[Assignment]
Please reproduce the listing in its entirety, exactly as written, but without images.

**** Dataset section ****

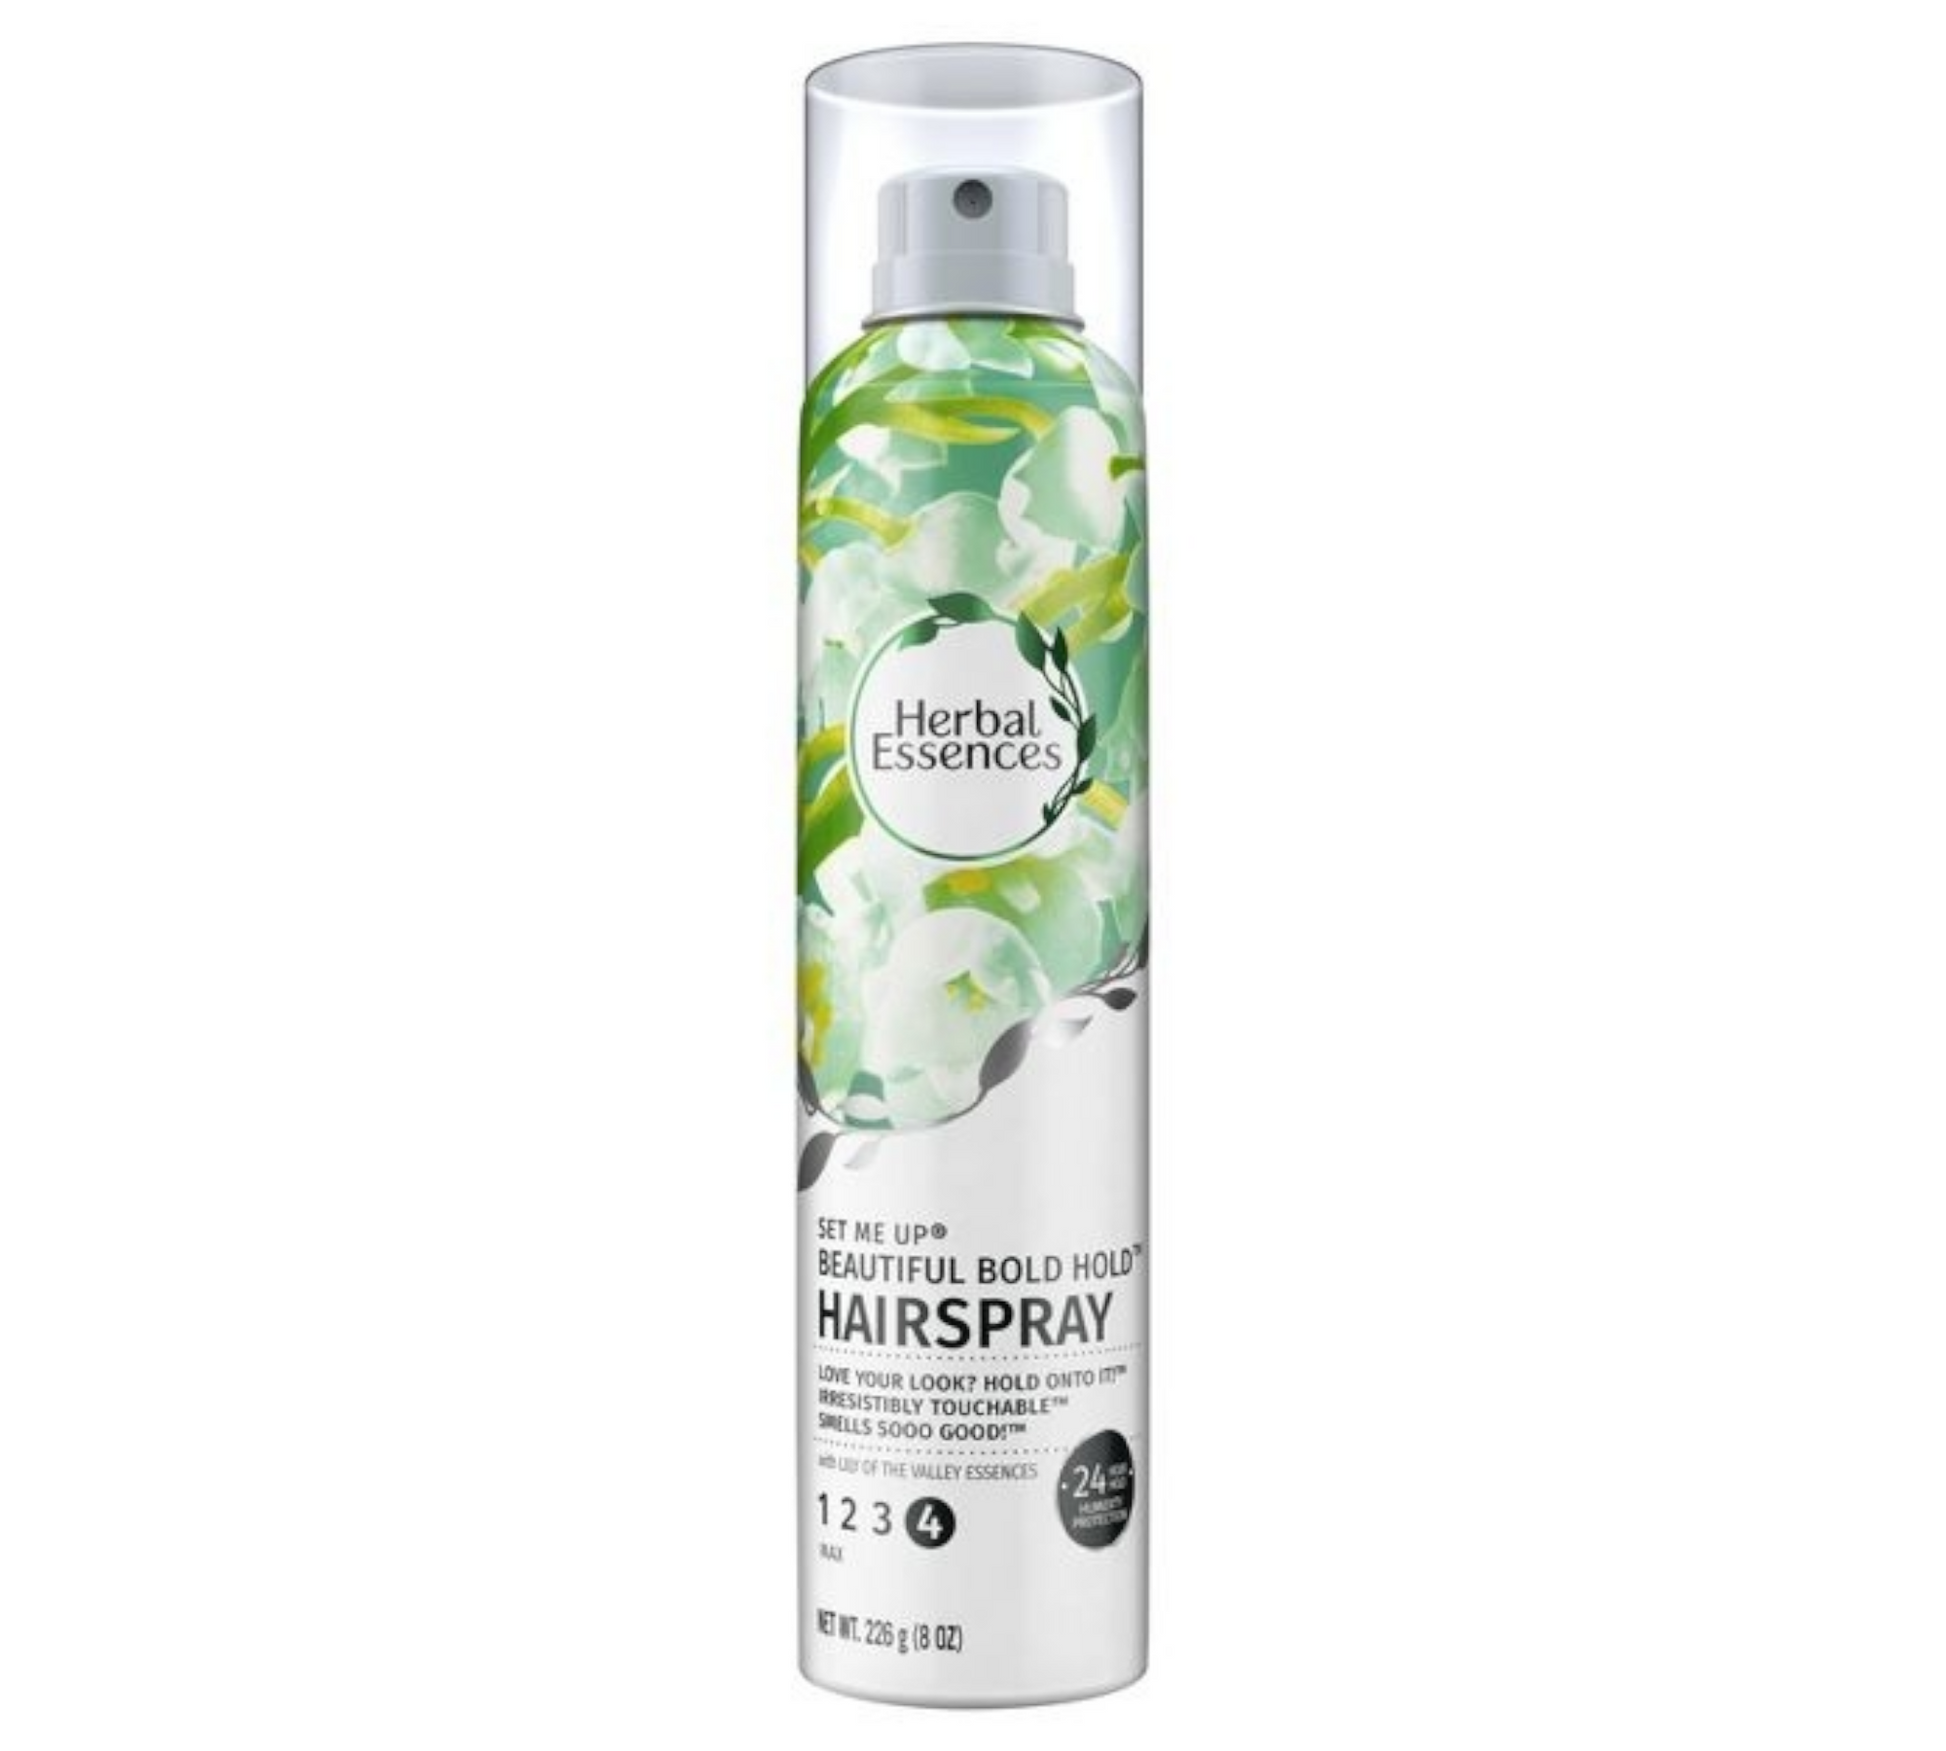 Herbal Essence Cupid Beauty Supplies Hair Spray Herbal Essences Set Me Up Beautiful Bold Hairspray with Lily of the Valley Essences - 8oz
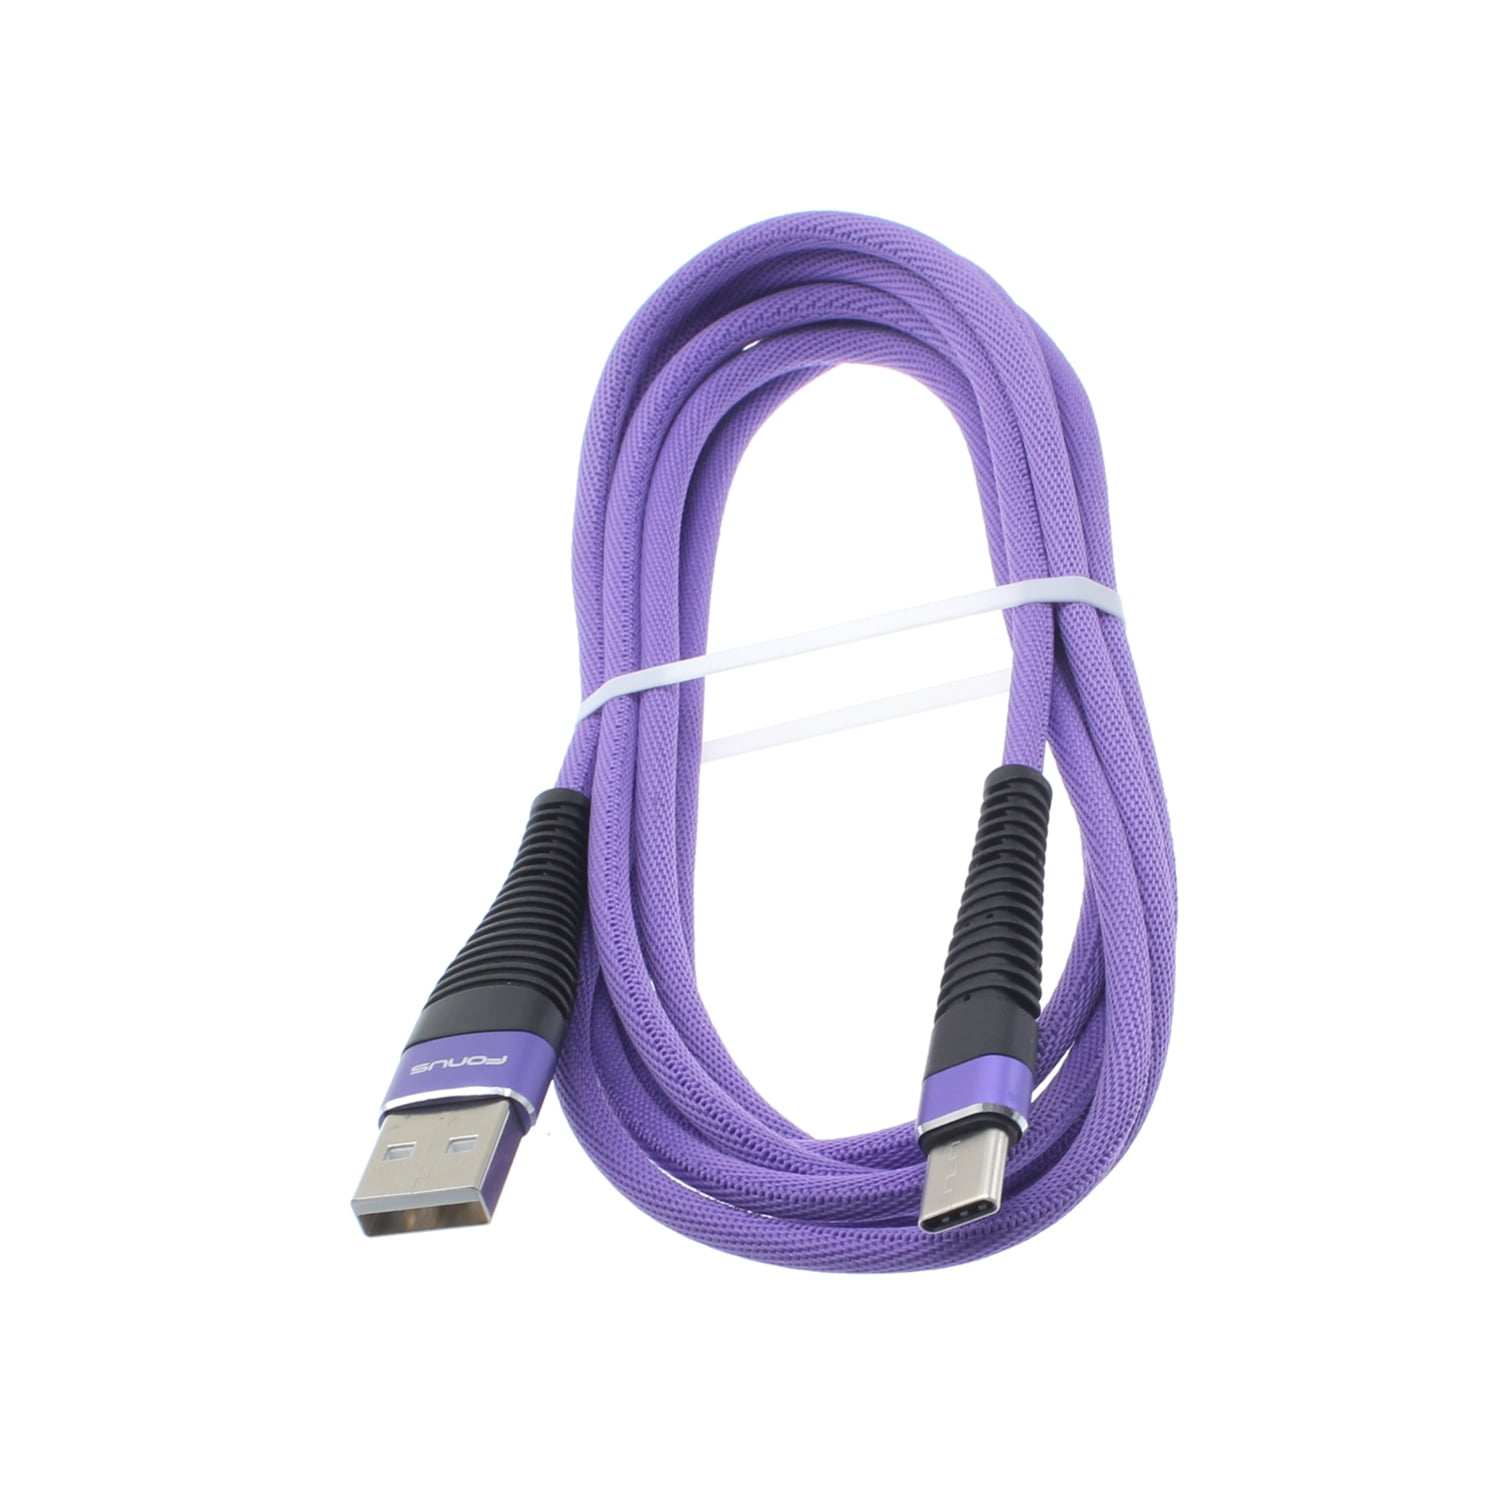 Moto G7 Power Purple 10ft USB Cable, TypeC Charger Cord
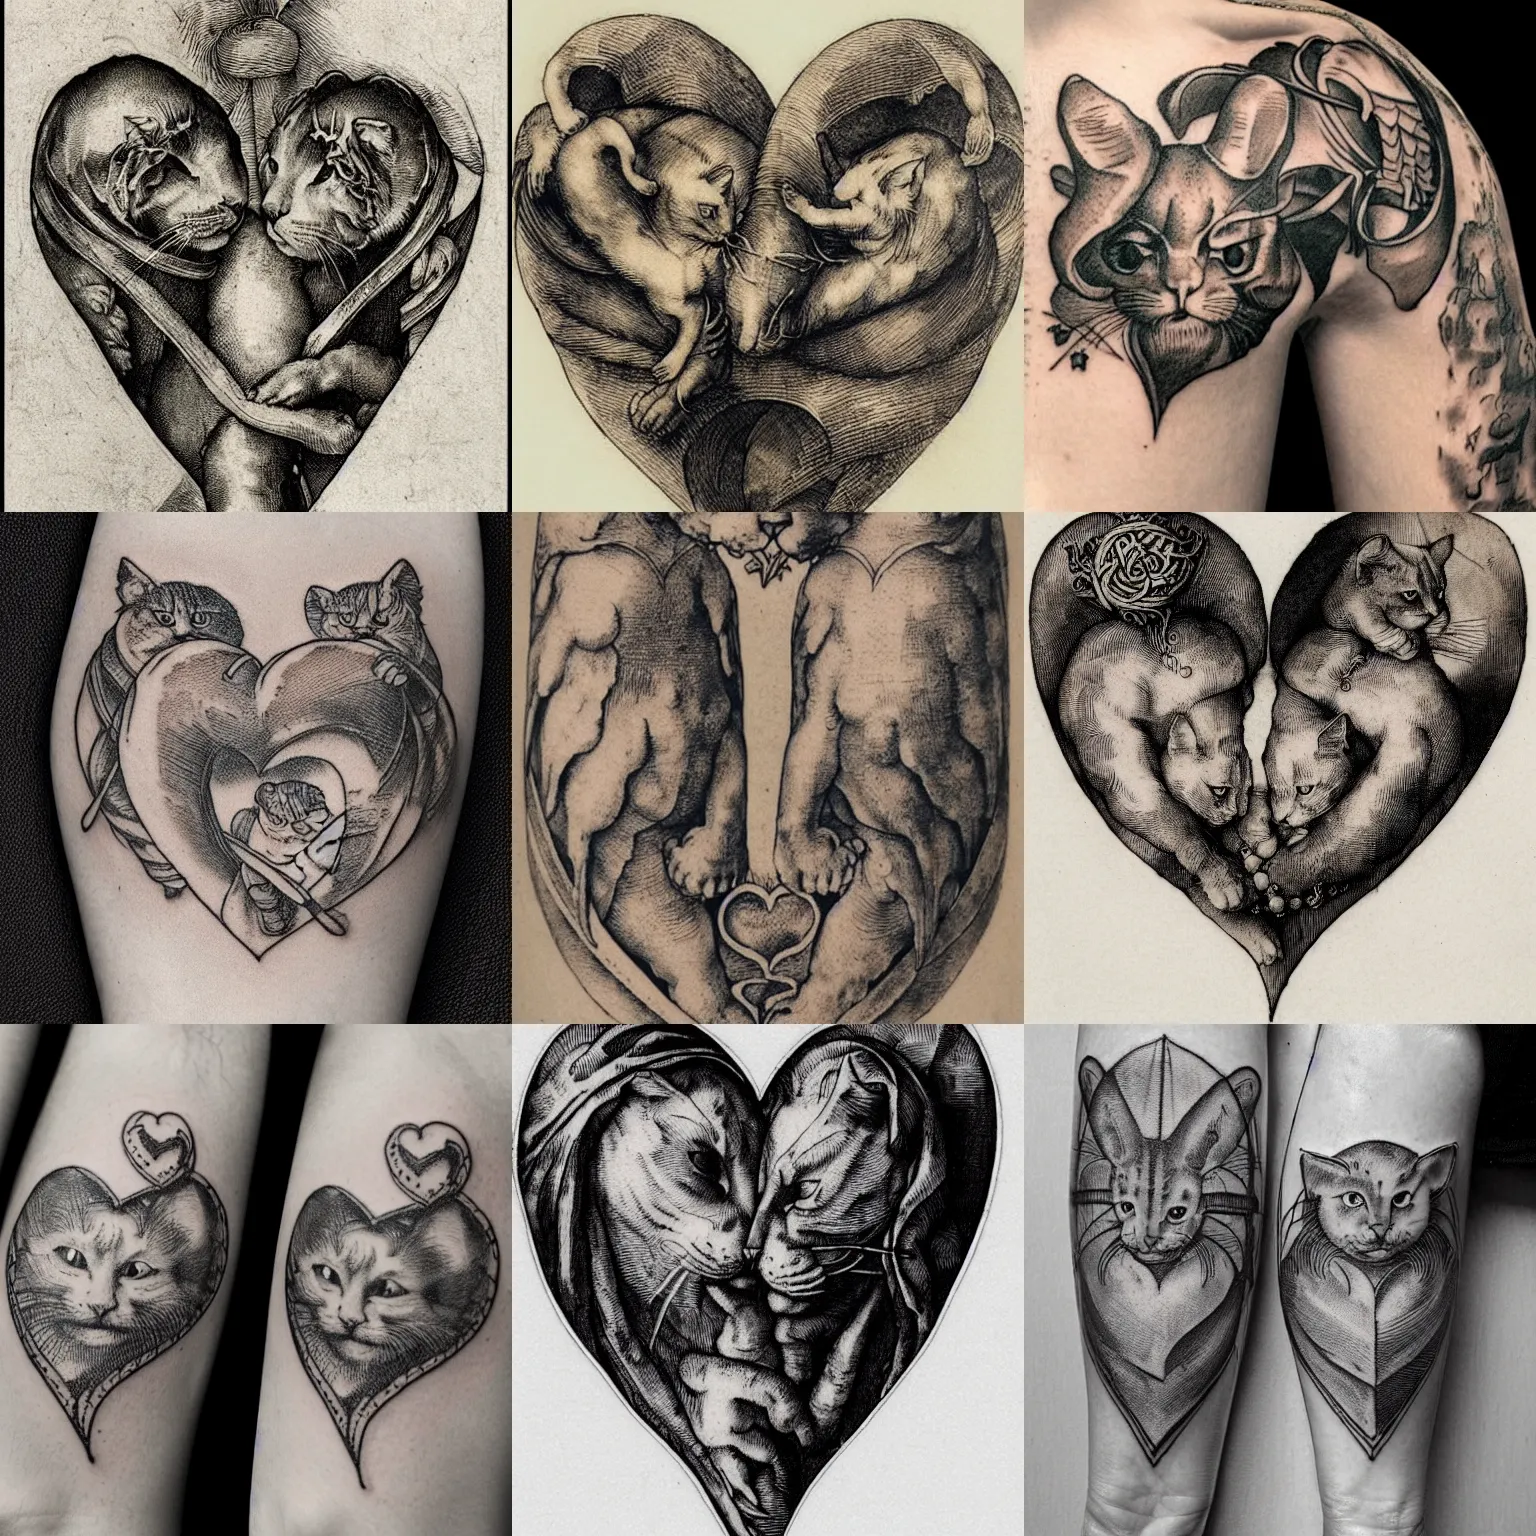 Prompt: albrecht durer, albrecht altdorfer, hans holbein, lucas cranach, gustave dore, engraving-style tattoo of two cats intertwined in a heart shape

****

[Expected output]
 Herbal Essence Cupid Beauty Supplies Hair Spray Herbal Essences Set Me Up Beautiful Bold Hairspray with Lily of the Valley Essences - 8oz
 Moto G7 Power Purple 10ft USB Cable, TypeC Charger Cord
 Prompt: albrecht durer, albrecht altdorfer, hans holbein, lucas cranach, gustave dore, engraving-style tattoo of two cats intertwined in a heart shape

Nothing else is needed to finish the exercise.